■ Data under study ■
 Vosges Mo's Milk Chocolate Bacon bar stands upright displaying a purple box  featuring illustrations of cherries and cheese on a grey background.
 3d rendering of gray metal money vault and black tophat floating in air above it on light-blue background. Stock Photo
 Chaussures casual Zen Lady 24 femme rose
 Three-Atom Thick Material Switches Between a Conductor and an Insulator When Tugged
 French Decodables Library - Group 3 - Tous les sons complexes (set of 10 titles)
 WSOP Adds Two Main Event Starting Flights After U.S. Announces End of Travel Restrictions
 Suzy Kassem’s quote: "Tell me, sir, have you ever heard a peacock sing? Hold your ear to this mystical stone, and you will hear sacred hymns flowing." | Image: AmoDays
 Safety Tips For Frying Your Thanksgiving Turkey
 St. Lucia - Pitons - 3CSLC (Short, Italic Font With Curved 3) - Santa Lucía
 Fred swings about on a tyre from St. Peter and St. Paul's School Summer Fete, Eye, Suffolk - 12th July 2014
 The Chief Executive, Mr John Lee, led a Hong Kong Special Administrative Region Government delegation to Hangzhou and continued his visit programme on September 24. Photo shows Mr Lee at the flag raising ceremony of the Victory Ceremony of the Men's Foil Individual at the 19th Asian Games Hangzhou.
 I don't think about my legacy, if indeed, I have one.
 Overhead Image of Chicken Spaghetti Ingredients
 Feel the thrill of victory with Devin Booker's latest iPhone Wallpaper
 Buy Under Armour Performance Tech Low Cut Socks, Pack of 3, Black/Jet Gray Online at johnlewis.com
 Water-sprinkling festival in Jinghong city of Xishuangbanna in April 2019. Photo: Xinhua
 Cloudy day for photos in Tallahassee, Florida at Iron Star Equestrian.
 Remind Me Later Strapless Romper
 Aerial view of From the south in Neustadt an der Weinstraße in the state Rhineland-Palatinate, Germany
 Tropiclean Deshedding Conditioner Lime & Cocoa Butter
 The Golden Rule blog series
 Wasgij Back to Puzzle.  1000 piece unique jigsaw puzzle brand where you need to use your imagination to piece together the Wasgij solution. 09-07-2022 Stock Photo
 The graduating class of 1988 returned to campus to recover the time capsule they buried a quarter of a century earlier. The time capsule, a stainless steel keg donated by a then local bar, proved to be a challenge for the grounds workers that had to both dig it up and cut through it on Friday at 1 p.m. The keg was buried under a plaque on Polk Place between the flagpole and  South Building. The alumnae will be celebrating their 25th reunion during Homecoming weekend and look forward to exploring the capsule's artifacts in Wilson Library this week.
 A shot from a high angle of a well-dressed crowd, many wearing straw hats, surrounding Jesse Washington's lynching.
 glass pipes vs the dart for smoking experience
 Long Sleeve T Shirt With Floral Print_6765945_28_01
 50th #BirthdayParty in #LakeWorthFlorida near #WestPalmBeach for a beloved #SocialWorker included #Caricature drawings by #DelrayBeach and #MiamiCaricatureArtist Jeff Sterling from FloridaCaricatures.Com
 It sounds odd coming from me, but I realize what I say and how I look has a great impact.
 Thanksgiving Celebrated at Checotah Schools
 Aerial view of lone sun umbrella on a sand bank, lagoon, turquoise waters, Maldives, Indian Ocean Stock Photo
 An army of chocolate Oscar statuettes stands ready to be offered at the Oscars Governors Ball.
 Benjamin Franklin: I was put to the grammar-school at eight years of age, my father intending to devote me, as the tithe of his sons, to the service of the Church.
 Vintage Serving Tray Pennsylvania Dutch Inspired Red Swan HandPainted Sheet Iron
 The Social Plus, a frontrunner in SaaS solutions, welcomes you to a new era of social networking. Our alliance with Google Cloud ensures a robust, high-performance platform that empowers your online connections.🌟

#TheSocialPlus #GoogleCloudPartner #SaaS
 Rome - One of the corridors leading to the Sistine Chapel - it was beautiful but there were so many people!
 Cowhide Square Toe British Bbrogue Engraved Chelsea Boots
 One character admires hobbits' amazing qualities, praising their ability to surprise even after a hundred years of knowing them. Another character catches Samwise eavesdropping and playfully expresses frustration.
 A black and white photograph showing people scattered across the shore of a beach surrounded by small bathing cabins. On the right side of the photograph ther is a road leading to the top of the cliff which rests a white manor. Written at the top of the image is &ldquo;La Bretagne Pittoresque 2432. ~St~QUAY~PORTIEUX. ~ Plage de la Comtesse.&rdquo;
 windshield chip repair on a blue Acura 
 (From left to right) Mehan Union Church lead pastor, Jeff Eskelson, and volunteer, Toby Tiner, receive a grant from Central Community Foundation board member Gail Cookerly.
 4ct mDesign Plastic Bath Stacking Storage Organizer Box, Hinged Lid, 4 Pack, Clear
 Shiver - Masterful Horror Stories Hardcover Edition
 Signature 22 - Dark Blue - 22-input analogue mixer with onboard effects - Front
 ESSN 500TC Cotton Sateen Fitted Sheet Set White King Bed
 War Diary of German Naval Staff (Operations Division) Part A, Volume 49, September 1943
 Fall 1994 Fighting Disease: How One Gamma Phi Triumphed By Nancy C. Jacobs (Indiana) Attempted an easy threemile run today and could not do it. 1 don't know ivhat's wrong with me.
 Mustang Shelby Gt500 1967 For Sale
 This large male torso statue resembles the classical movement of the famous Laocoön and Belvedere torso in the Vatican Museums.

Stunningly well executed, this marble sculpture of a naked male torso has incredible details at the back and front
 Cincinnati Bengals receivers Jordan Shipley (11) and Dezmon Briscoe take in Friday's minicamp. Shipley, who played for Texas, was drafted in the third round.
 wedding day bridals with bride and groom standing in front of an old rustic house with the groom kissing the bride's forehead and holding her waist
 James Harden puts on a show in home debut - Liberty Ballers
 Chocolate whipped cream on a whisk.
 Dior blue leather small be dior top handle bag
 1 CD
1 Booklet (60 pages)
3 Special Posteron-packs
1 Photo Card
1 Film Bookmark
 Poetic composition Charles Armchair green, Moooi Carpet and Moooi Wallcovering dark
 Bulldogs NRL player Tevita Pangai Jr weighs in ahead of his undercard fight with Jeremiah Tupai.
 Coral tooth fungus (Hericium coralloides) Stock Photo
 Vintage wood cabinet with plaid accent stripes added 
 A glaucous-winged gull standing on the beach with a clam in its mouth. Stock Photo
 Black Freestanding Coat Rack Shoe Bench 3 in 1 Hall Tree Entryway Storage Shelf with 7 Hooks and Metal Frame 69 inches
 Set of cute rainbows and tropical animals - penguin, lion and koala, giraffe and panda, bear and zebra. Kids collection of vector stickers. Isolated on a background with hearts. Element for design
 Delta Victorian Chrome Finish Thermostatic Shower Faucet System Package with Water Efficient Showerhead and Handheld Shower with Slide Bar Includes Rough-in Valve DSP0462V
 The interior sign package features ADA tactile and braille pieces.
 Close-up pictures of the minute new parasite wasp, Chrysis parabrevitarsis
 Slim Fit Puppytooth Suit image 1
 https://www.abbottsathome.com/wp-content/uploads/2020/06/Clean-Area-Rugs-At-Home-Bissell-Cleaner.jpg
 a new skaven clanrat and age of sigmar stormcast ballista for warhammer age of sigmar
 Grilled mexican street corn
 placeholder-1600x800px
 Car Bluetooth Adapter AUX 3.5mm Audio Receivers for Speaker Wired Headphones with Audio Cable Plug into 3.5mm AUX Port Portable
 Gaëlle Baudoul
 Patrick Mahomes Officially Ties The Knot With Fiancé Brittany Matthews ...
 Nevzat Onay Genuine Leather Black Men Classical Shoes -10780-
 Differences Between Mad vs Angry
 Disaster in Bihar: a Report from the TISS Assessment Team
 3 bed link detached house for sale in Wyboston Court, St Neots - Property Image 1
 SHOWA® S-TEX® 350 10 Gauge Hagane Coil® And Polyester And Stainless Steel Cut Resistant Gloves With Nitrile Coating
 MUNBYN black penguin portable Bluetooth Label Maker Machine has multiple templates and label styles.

■ Problem description ■
Once the line with "4ct mDesign Plastic" is found in the records above, print exactly that line and every line after it through the line with "War Diary of".

■ Solution to this exercise ■
 4ct mDesign Plastic Bath Stacking Storage Organizer Box, Hinged Lid, 4 Pack, Clear
 Shiver - Masterful Horror Stories Hardcover Edition
 Signature 22 - Dark Blue - 22-input analogue mixer with onboard effects - Front
 ESSN 500TC Cotton Sateen Fitted Sheet Set White King Bed
 War Diary of German Naval Staff (Operations Division) Part A, Volume 49, September 1943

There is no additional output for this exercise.